Is it just me, or are the pews even emptier?

Is it just me, or are the pews even emptier?

Within recent memory, the pews at my parish’s main Sunday morning mass, the one with the children’s liturgy, were reliably full, with latecomers standing at the back.  Attendance has fallen over the years, to be sure, whether due to the sexual abuse scandals or general societal/demographic changes, but we’ve plodded along.  Lately, though, it seems that attendance has had another, rather sudden and steep drop downwards — and it coincides with a new fundraising push, “To Teach Who Christ Is.”

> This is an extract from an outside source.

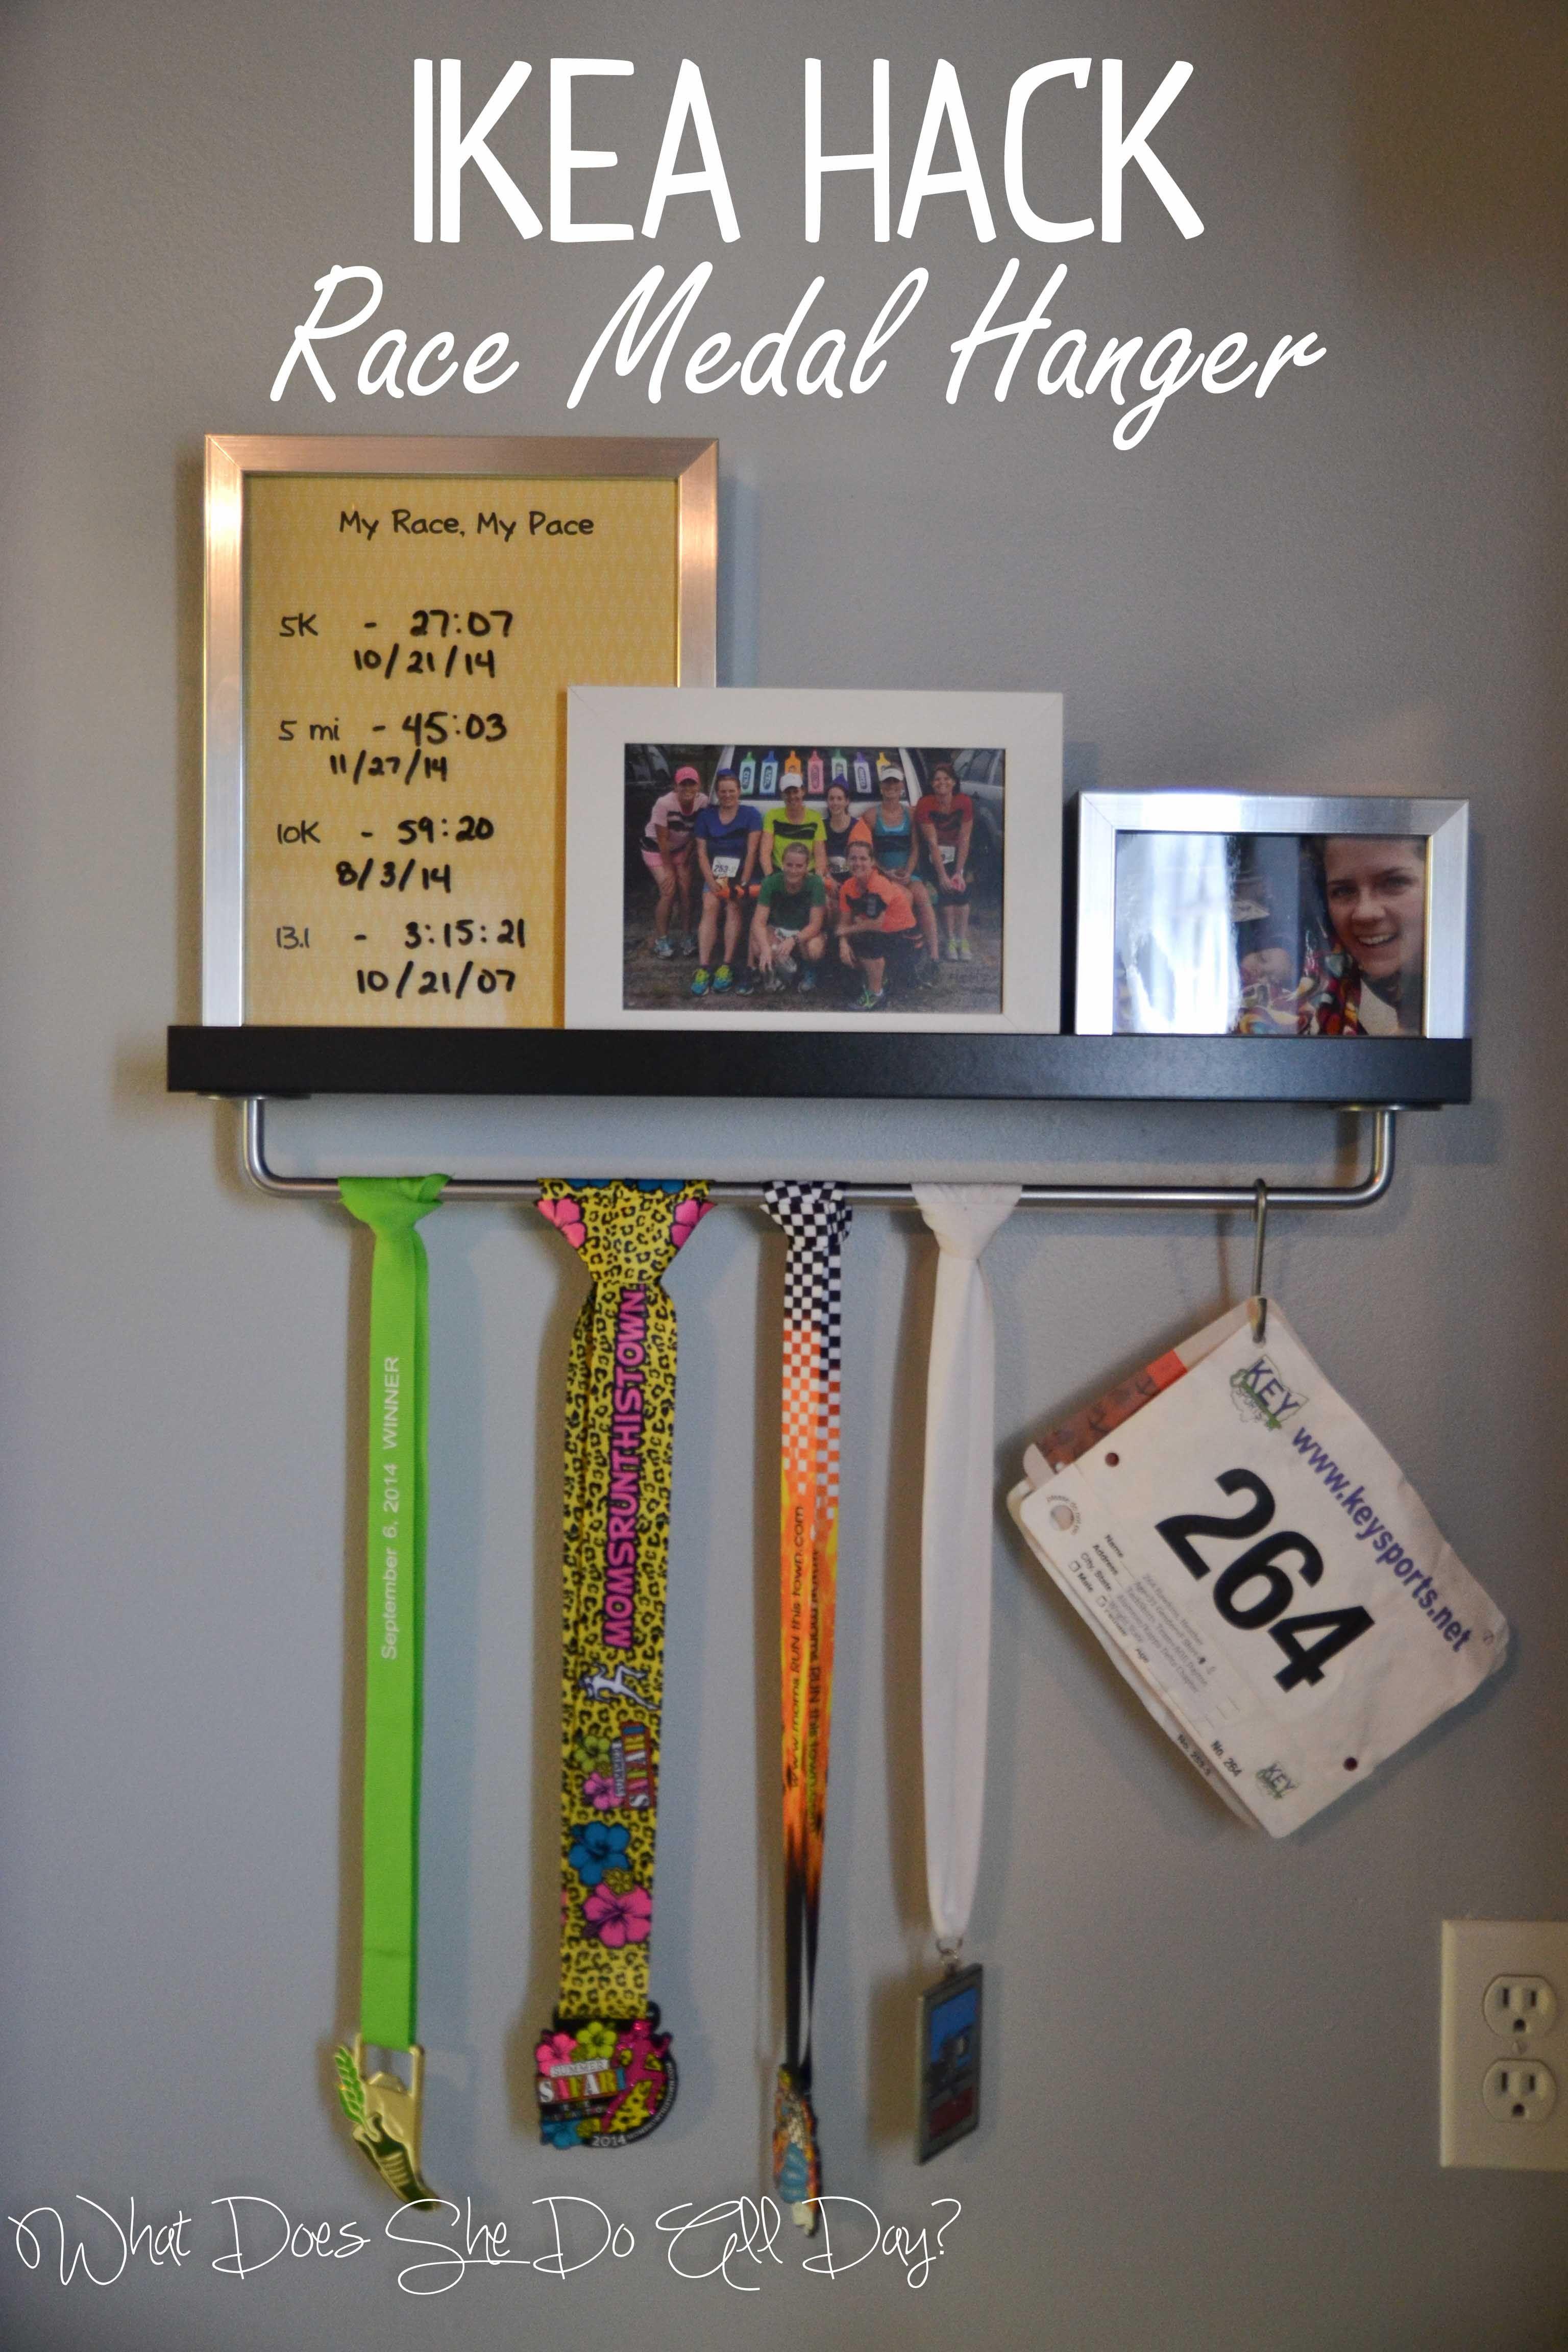 IKEA Hack: Race Medal Hanger and Shelf #ikea #running #racing More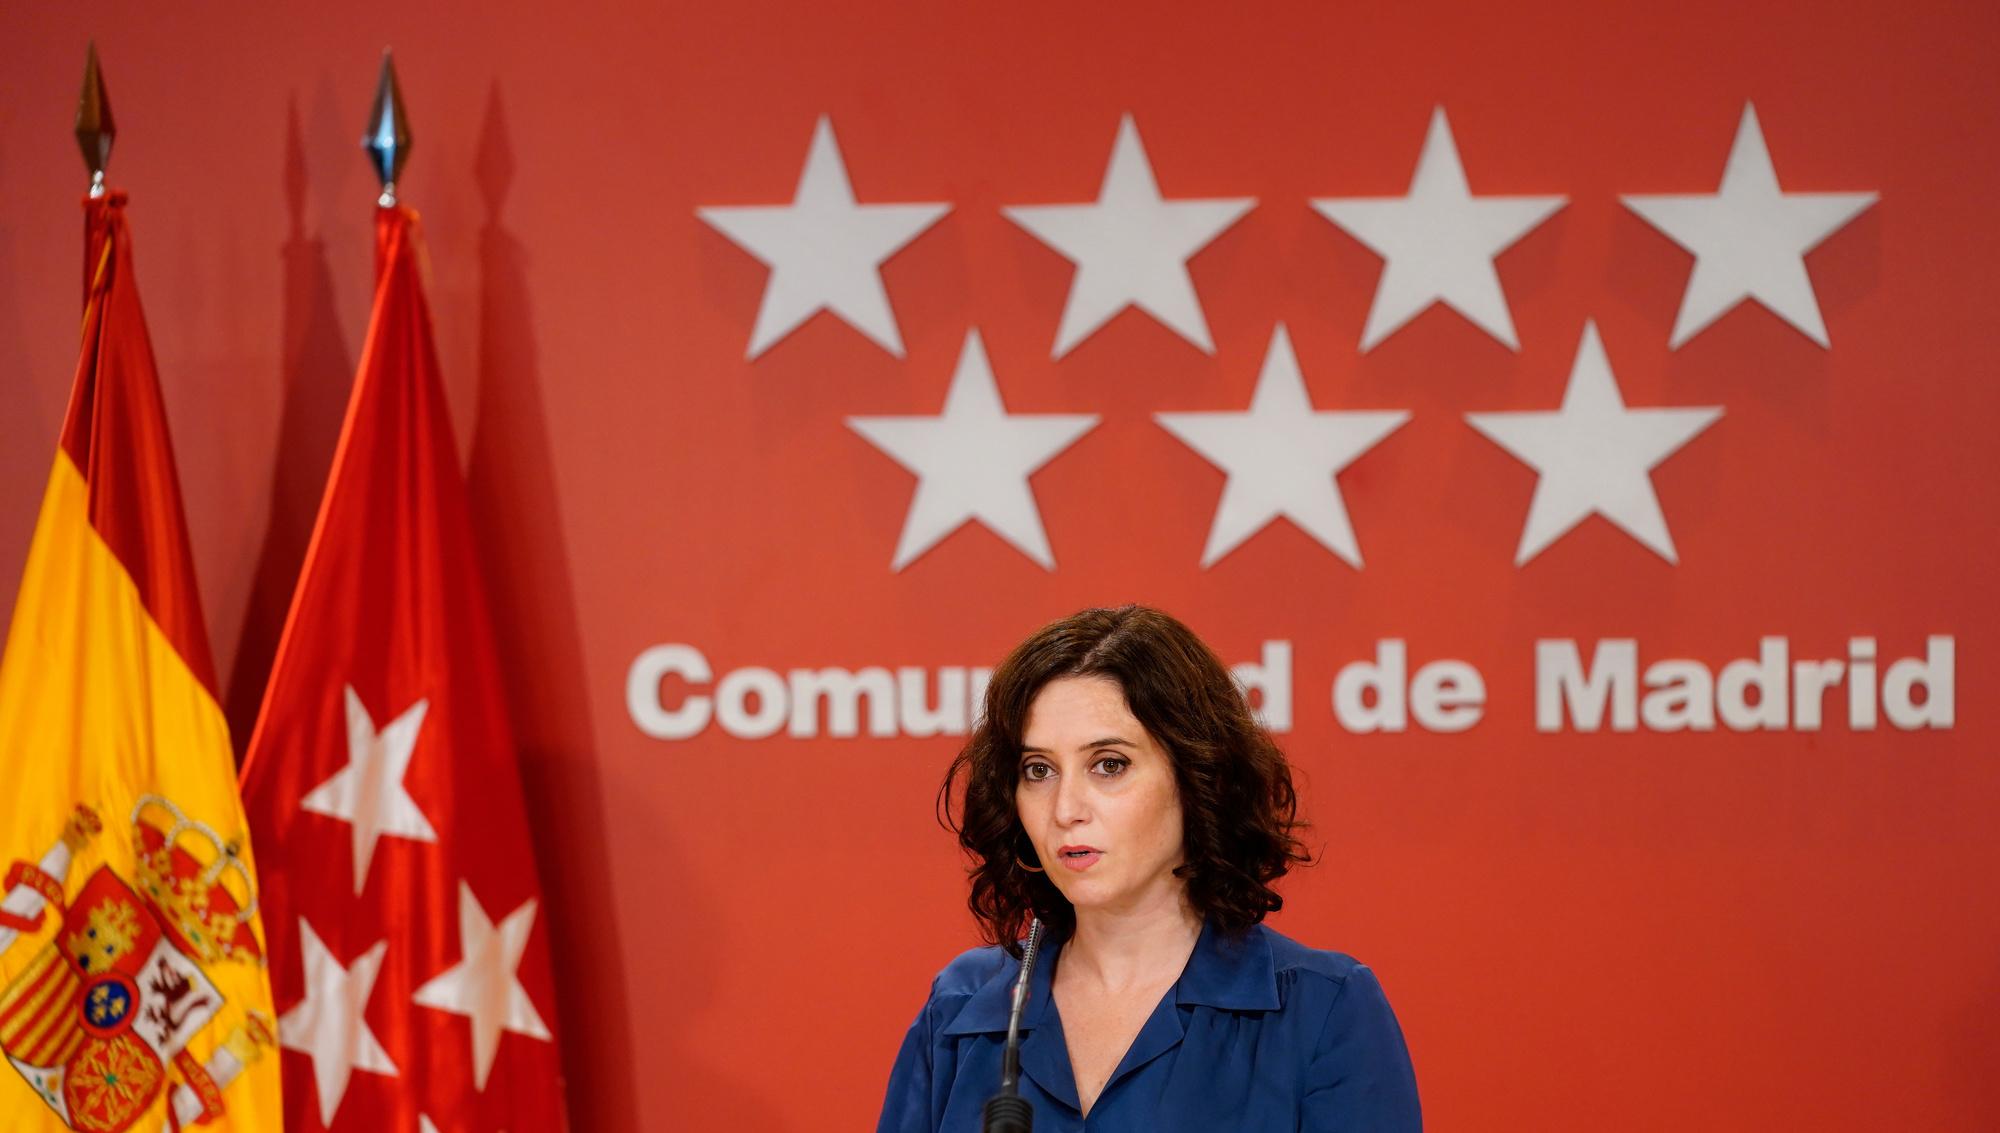 Isabel Díaz Ayuso, présidente de la communauté de Madrid, BELGA IMAGE

This is an archidiocesan-wide campaign.  Each parish is assigned a goal, and told to find needs within the parish for 65% of the goal, with the Archdiocese taking the first 35% for its own purposes, including a scholarship fund for poor parish schools, and reallocation to poor parishes generally.  So our parish has identified the “needs” of new school windows, refinished pews, and other deferred maintenance, as well as electrical updates and a new sound system.  And we’ve struggled to meet the assigned goal — the fundraising started in late spring, and we’re now at 2/3s of the goal.

It doesn’t help that there have been multiple fundraising campaigns lately:  when we first came, there was a campaign to build a “gathering space” addition.  This was a quick one as the cost was modest.  Then there was a much larger campaign, dictated, again, by an archdiocesan requirement to have a millenial fundraising campaign; in this case, the funds were used to wholly remodel the old convent, which had been used in the intervening years as a group home for the mentally disabled, until that organization ceased to lease the building; the building became a preschool and parish offices and meeting space.  Then, just before the recession hit, the parish launched another campaign, for exactly this sort of deferred maintenance, except that it met only a bit more than half of its goal, what with the recession and all.  So I can’t blame people for feeling like the fundraising campaigns never stop.

But — as I said, this is really starting to feel like it’s backfiring.  If the weekly updates in the bulletin, and now, two weeks in a row, a renewed push with requests to fill out pledge cards during the homily, are turning people off from attending mass, this has got to stop.  We can’t make the budget of our regular weekly collection — and, week after week, since the summer, anyway, we have been falling far, far short — so in what world does it make sense to continue making the pitch for even more?  Can we at least staunch the bleeding of parishioners?  Or is the Archdiocese, in its conviction that suburban parishes can be called on endlessly to support the city parishes, requiring that we keep on until we meet our goal, or collapse trying?